Think of SU(2) for simplicity, but you might choose to generalize to SU(3), once the game is evident. To rotate an arbitrary d-dim v by an angle θ, you operate on it by v→exp(iθJ)v in classical physics. By a change of basis of the 3 generators J to their raising and lowering ladder versions $J_+, J_-$ and $J_0$ and the marvelous eigenvalue equations their Lie algebra commutators satisfy, you may organize these rotations much more usefully in QM, and also computationally--this is of course how these higher-dim matrices in the SU(2) WP-article were found, in the first place!

That is, once you have eigenvectors of J.J, with eigenvalues j(j+1), up to normalization, you have characterized the dimensionality of the eigenvector v by 2j+1, and its component by the eigenvalue m of J0 on it, while you know how the raising and lowering Js will send entries to their neighboring slot. So writing the states in the |j,m> convention is tantamount to posing them ready for rotations by simple shifts of their m and multiplications by numbers. For small angles θ,this amounts to transitioning to v+iθJ v for J any linear combination of these 3 ladder operators.

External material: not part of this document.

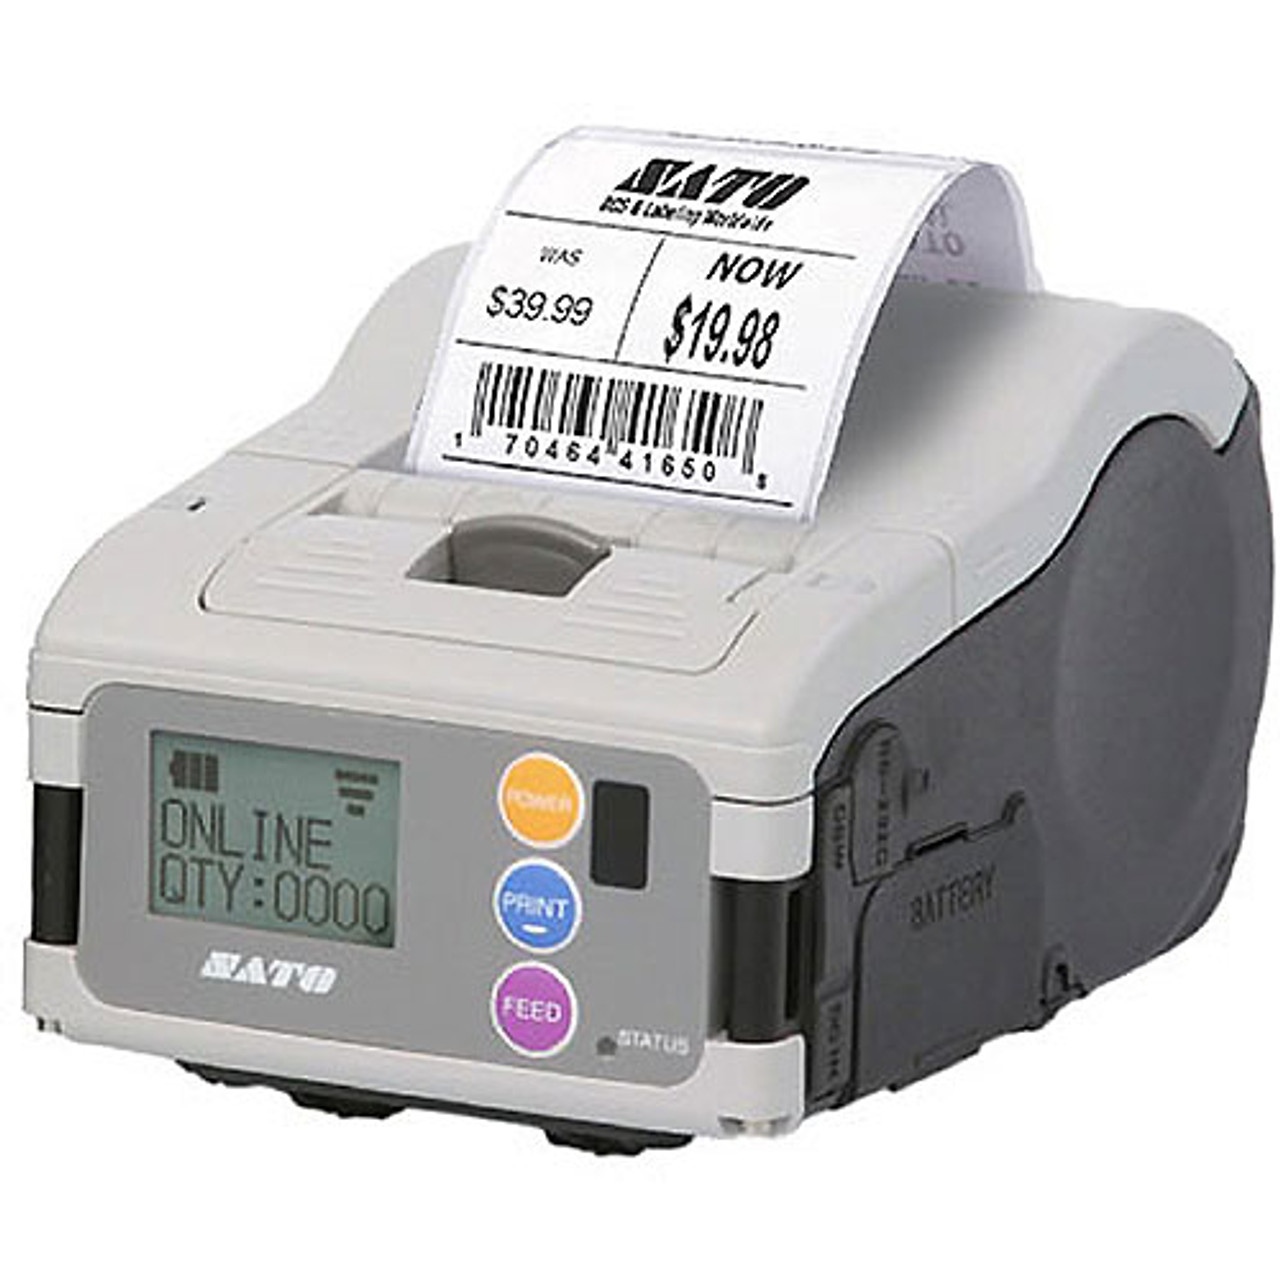 Sato MB200i Portable Label Printer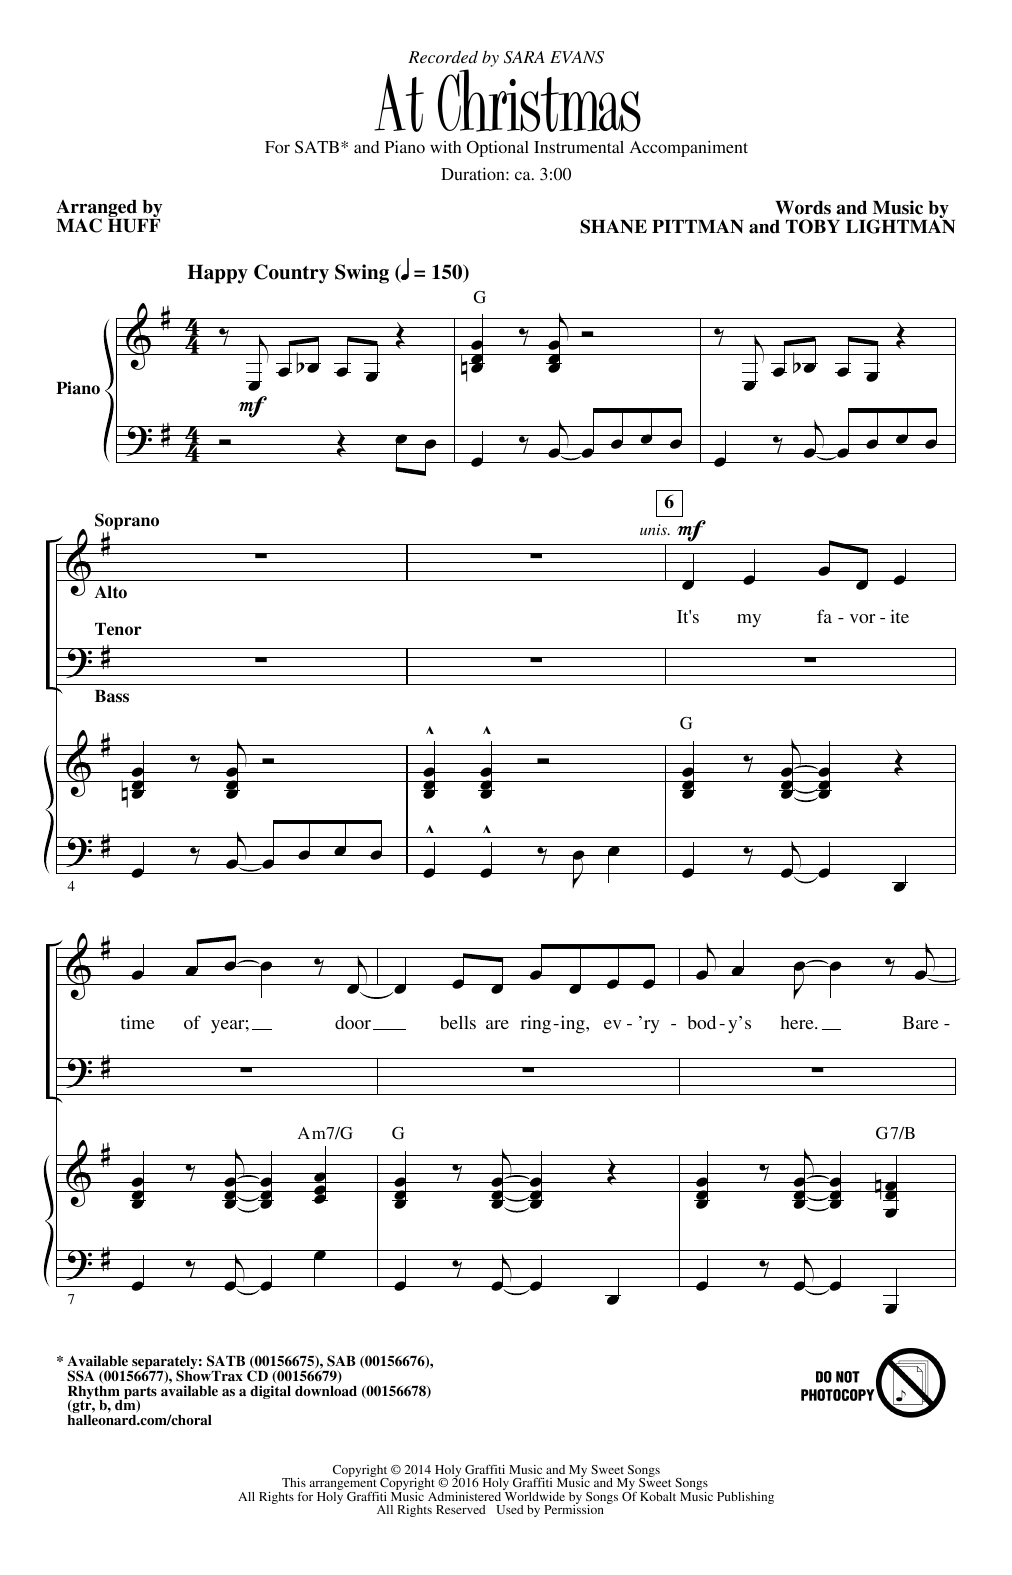 Sara Evans At Christmas (arr. Mac Huff) Sheet Music Notes & Chords for SATB - Download or Print PDF

Conversely, the structure of these operators specifies the Lie algebra of the matrices you started with, uniquely (Cartan). Here, $J^2 |j,m\rangle = j(j + 1) |j,m\rangle$, $ J_0 |j,m\rangle = m |j,m\rangle $ and $J_\pm |j,m\rangle = \sqrt{j(j+1)-m(m\pm 1)} |j,m\pm 1 \rangle$: if we act on them with arbitrary bras on the left, $\langle j\,m'|$ they yield the matrix elements of the matrices in question, guaranteed to satisfy the SU(2) algebra.

But this language is simpler than daft matrix multiplication for the purpose of transitioning between states by QM operators, the Wigner-Eckart theorem, etc. The transition is just linear-algebraic change of language.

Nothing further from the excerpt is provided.